Sunday, June 27, 2004

Fahrenheit 911

My wife and I saw Moore's film yesterday and wanted to share a few thoughts. Overall, I enjoyed the movie--although I found that Bowling for Columbine gave me more to think about. Some of the themes that Moore raises are old hat--the circumstances of the 2000 Presidential election, the Saudi connection to the Bush family, and the Patriot Act getting ramrodded through Congress. The one meme I liked the best: the men and women who serve in our military do not come from all walks of life but tend to come from poor neighborhoods and there is something fundamentally unfair about that. The most touching scene in the movie is an interview with a mom whose son was killed in Iraq.

Of course Moore's film is a propaganda piece, but I think it is a side of propaganda many people have not encountered before. That is, the mainstream media tends to give credence and time to the righty wackos but lefty wackos are rarely (if ever) seen or heard.

The only part of the film that I found inaccurate involved the flights of Saudi nationals after 9/11. Moore left the distinct impression that the Bin Laden family hopped a plane when everyone else (including Ricky Martin) was grounded. Moore also suggested that the FBI did not bother to interrogate the Saudi nationals or even run their names through the terrorist database.

This is what the 9/11 Commission concluded, in its Staff Statement No. 10 [PDF], presented at the public hearings on April 13, 2004:

The Saudi Flights
National air space was closed on September 11. Fearing reprisals against Saudi nationals, the Saudi government asked for help in getting some of its citizens out of the country. We have not yet identified who they contacted for help. But we have found that the request came to the attention of Richard Clarke and that each of the flights we have studied was investigated by the FBI and dealt with in a professional manner prior to its departure.
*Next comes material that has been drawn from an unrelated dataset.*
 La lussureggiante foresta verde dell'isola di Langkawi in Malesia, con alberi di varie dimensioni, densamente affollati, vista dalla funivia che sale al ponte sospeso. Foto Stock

No commercial planes, including chartered flights, were permitted to fly into, out of, or within the United States until September 13, 2001. After the airspace reopened, six chartered flights with 142 people, mostly Saudi Arabian nationals, departed from the United States between September 14 and 24. One flight, the so-called Bin Ladin flight, departed the United States on September 20 with 26 passengers, most of them relatives of Usama Bin Ladin. We have found no credible evidence that any chartered flights of Saudi Arabian nationals departed the United States before the reopening of national airspace.

The Saudi flights were screened by law enforcement officials, primarily the FBI, to ensure that people on these flights did not pose a threat to national security, and that nobody of interest to the FBI with regard to the 9/11 investigation was allowed to leave the country. Thirty of the 142 people on these flights were interviewed by the FBI, including 22 of the 26 people (23 passengers and 3 private security guards) on the Bin Ladin flight. Many were asked detailed questions. None of the passengers stated that they had any recent contact with Usama Bin Ladin or knew anything about terrorist activity.
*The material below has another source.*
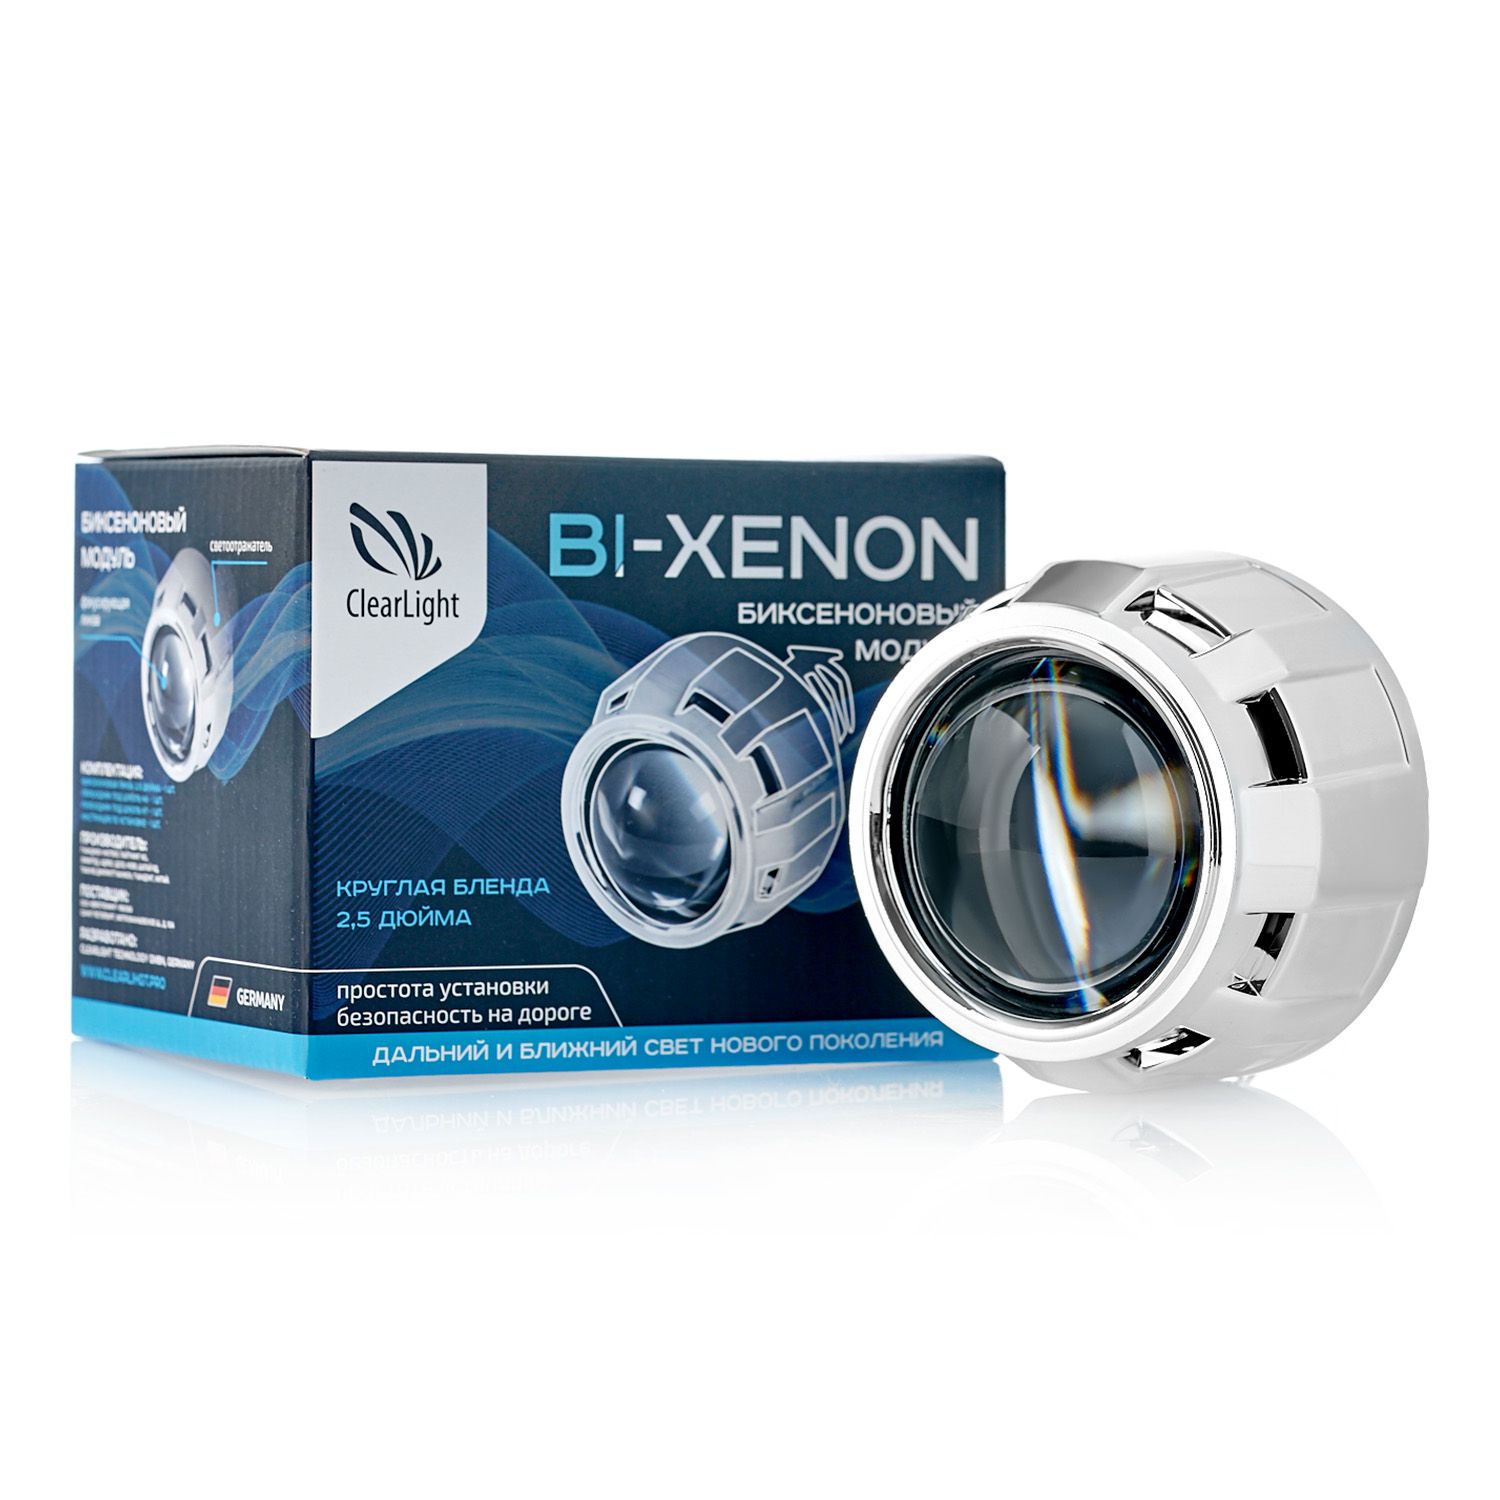 Биксеноновый модуль Clearlight 2,5 под лампу H1 (H4/H7)

The FBI checked a variety of databases for information on the Bin Ladin flight passengers and searched the aircraft. It is unclear whether the TIPOFF terrorist watchlist was checked. At our request, the Terrorist Screening Center has rechecked the names of individuals on the flight manifests of these six Saudi flights against the current TIPOFF watchlist. There are no matches.

The FBI has concluded that nobody was allowed to depart on these six flights who the FBI wanted to interview in connection with the 9/11 attacks, or who the FBI later concluded had any involvement in those attacks. To date, we have uncovered no evidence to contradict this conclusion.

Newsweek's Michael Isikoff raised that and other challenges to Fahrenheit 911, to which
Moore responded here (inadequately, in my opinion).